TASK STATEMENT:
Every line from the one with "поздравление на день рождения прикольные 18" to the final line of the records should be printed exactly as it is, with pictures left out.

Records from a data source:
= Beginning of Section =

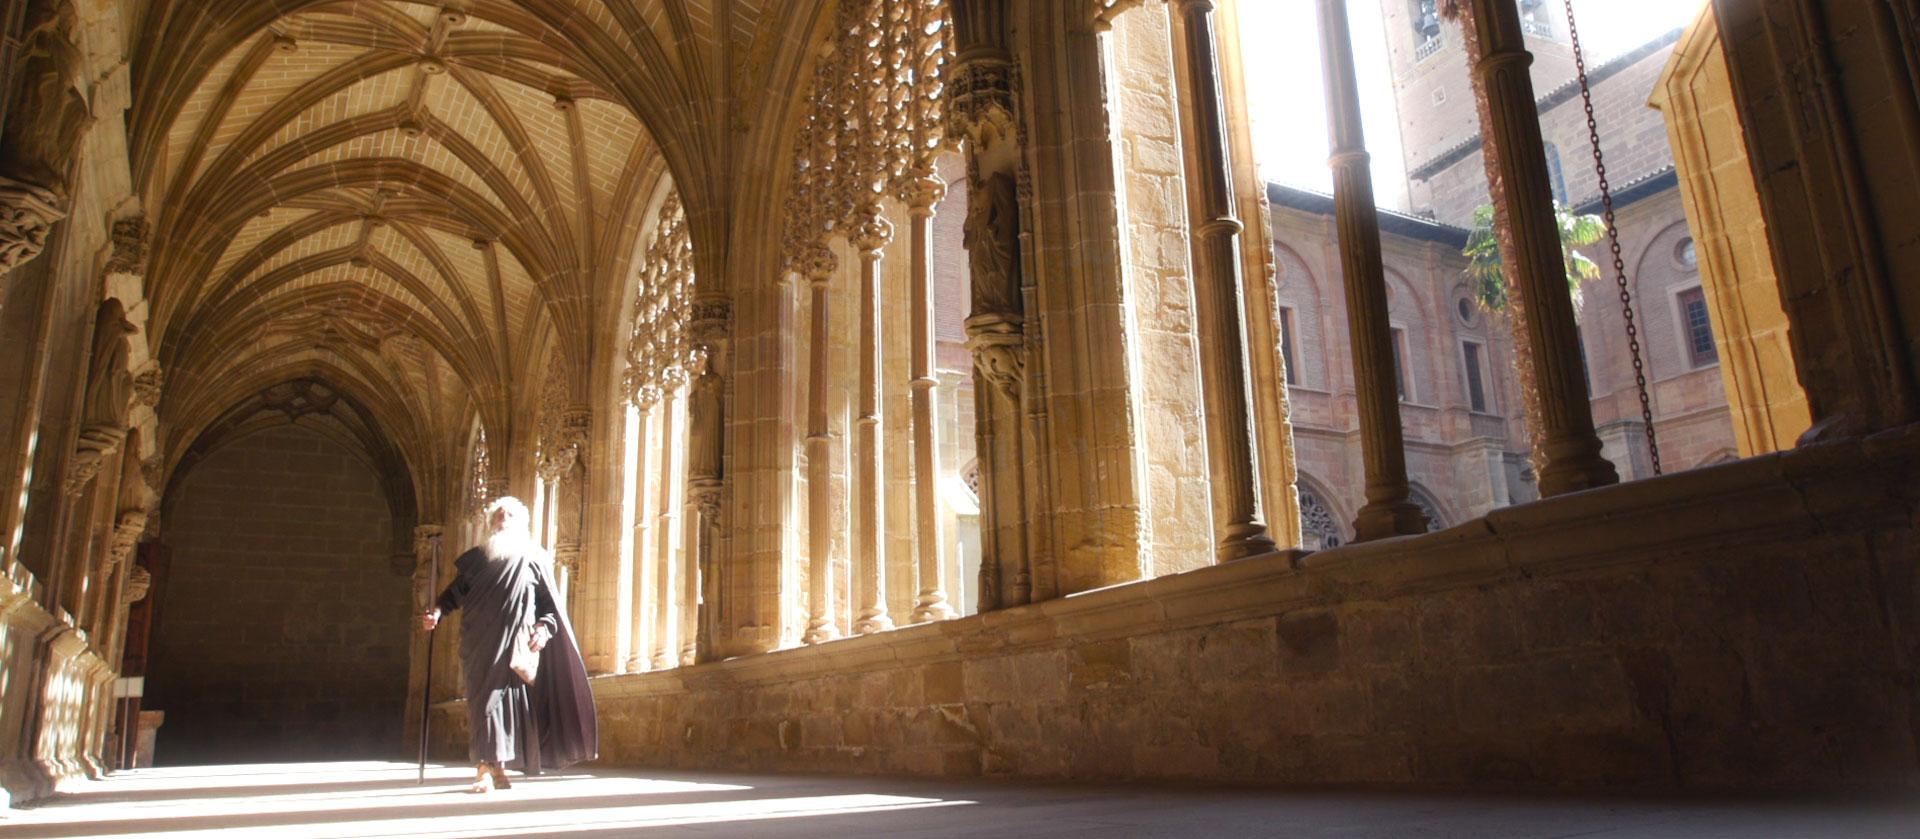 La serie internacional para Amazon 3Caminos llega este fin de semana a La Rioja, gracias al apoyo de La Rioja Film Commission
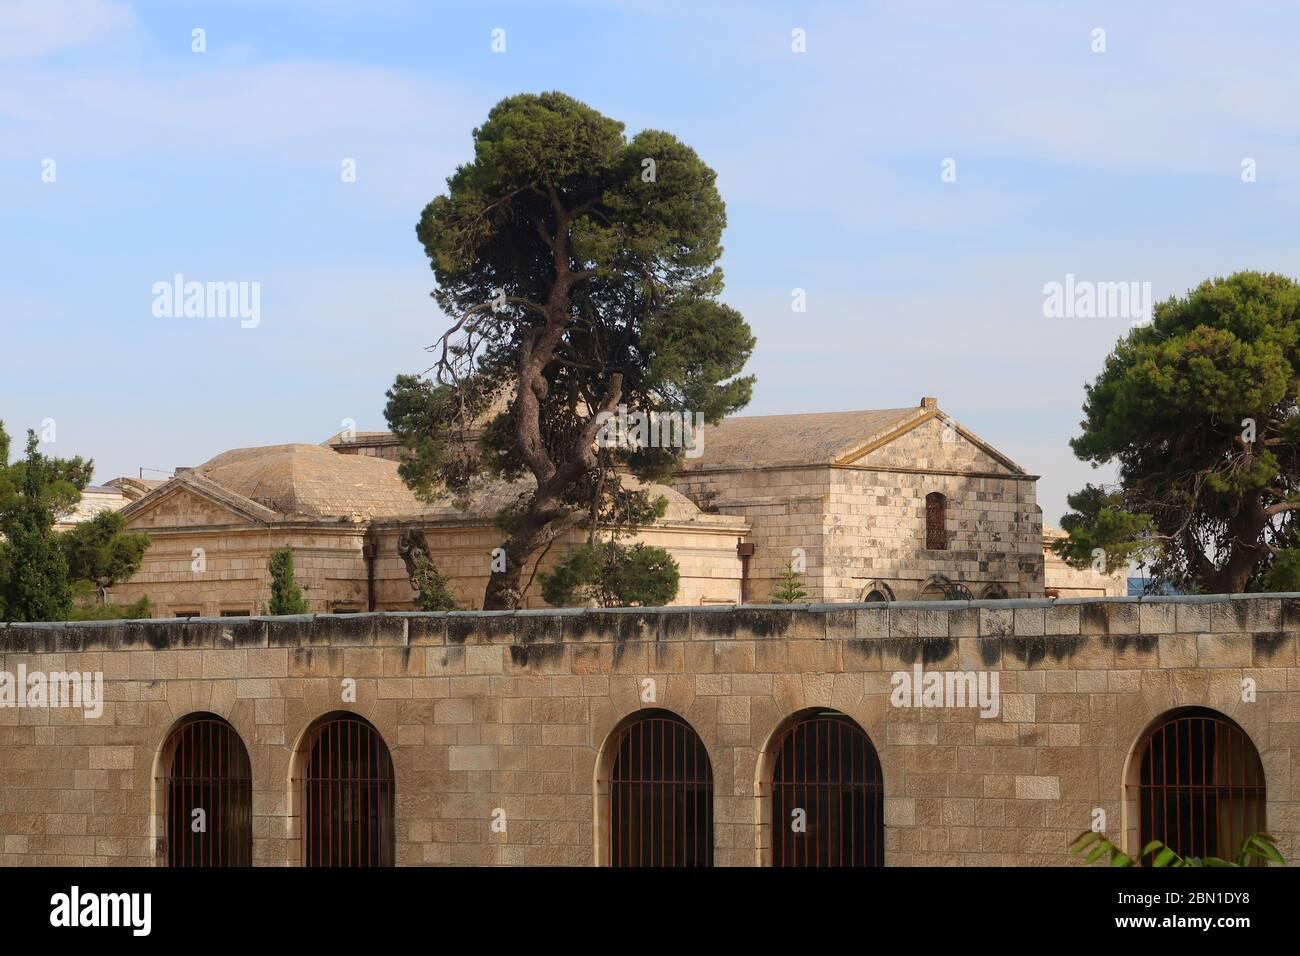 Avis de Deir Al Zeitoun, l'Église des Saints-archanges et le Patriarcat Arménien complexe dans le quartier arménien vieille ville Jérusalem Israël Banque D'Images
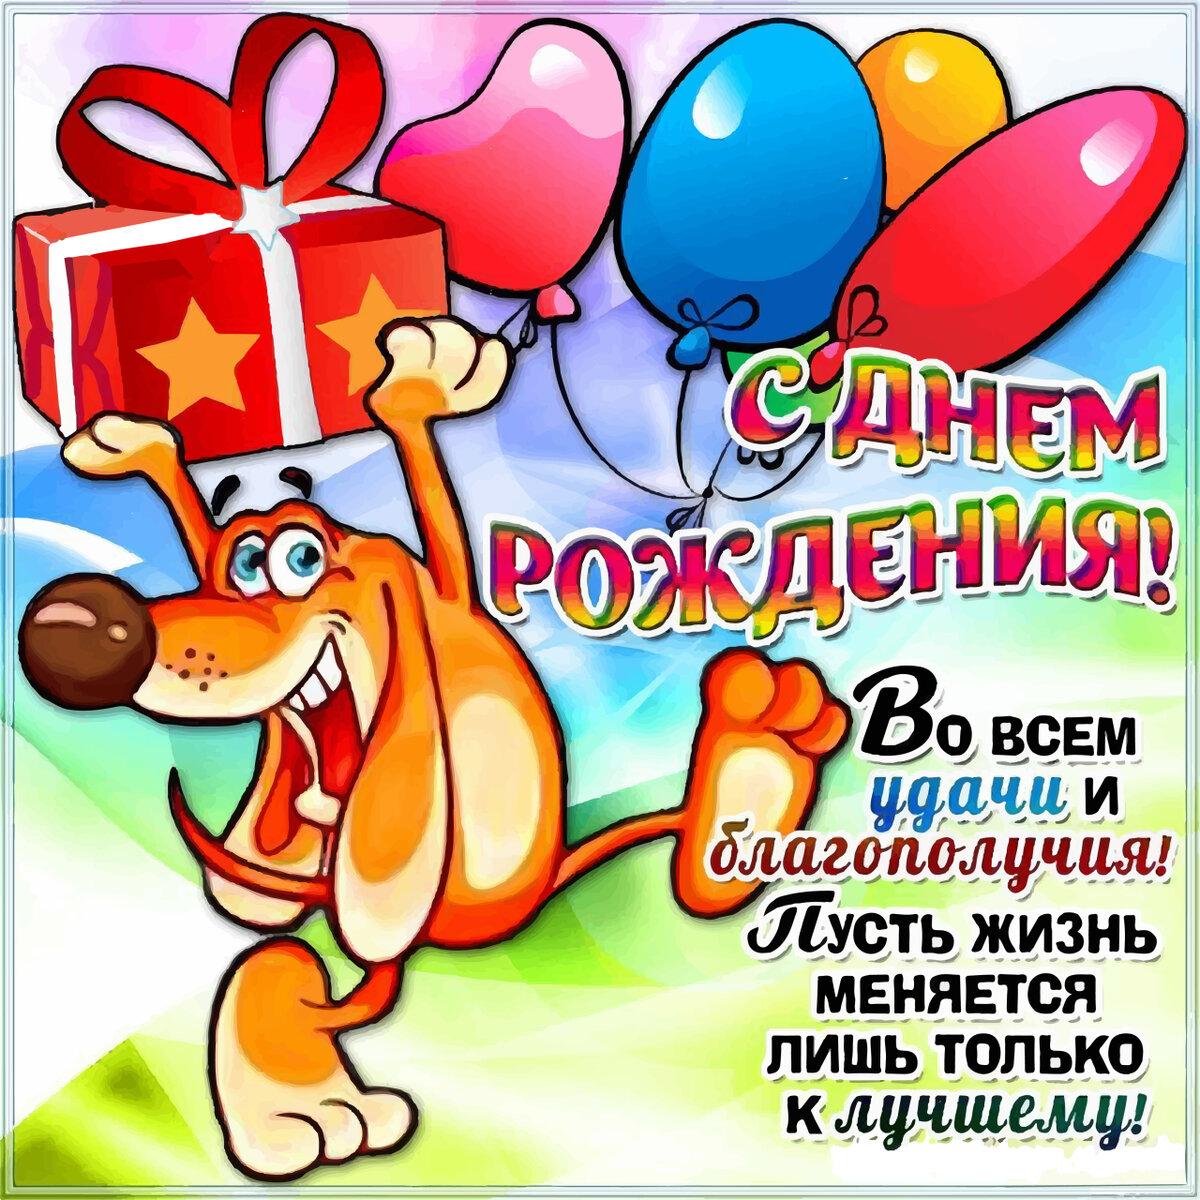 поздравление на день рождения прикольные 18
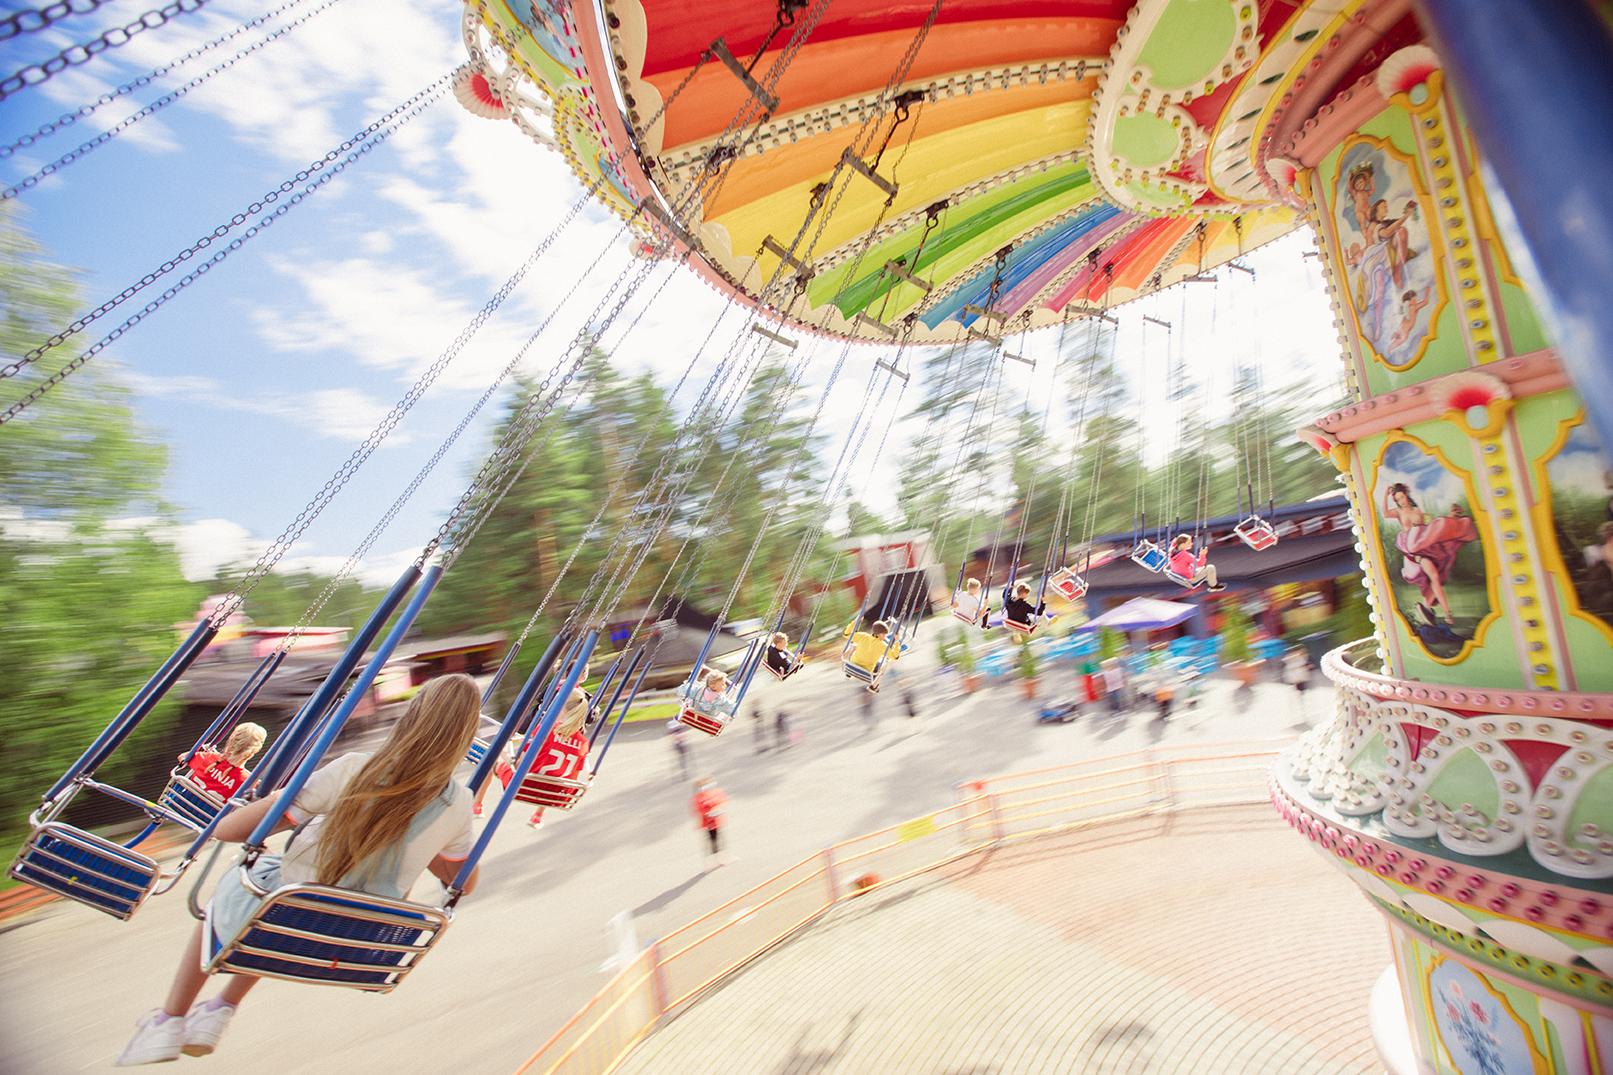 Tykkimäen huvipuiston tunnelmallinen keinukaruselli
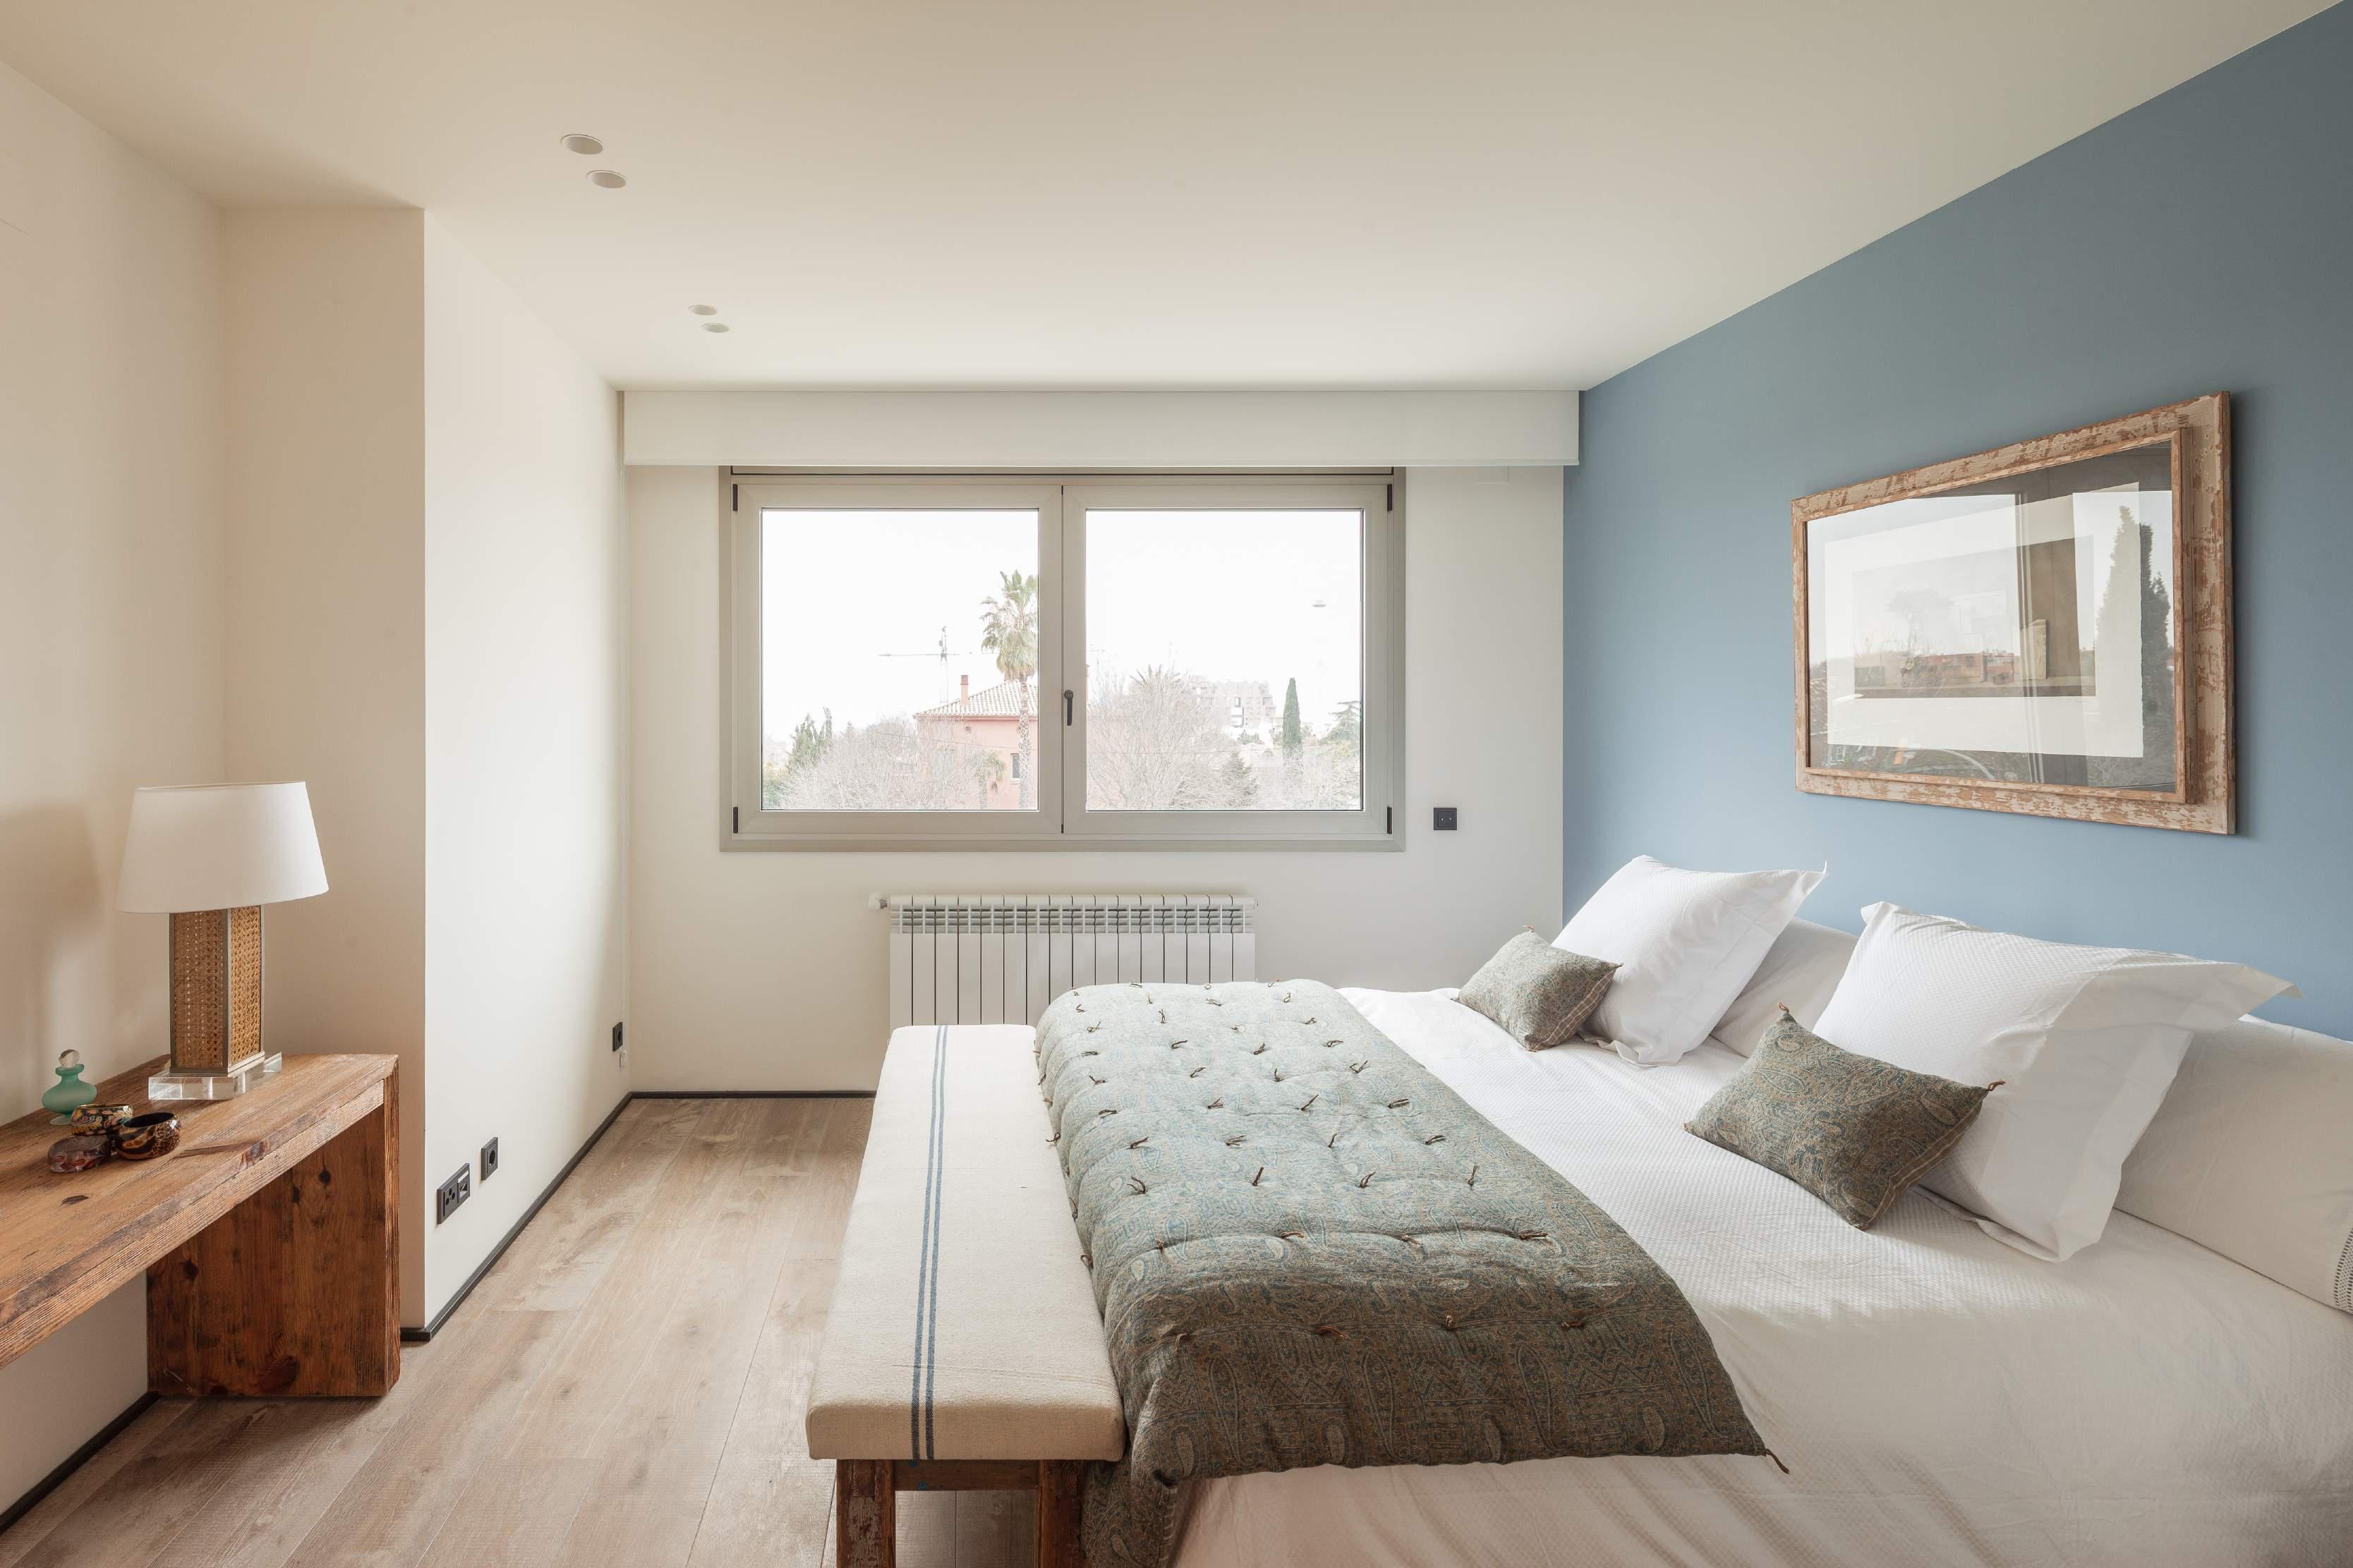 Расстановка мебели в спальне в лаконичном дизайне

= End of Section =

ANSWER TO THIS PROBLEM:
 поздравление на день рождения прикольные 18
 Tykkimäen huvipuiston tunnelmallinen keinukaruselli
 Расстановка мебели в спальне в лаконичном дизайне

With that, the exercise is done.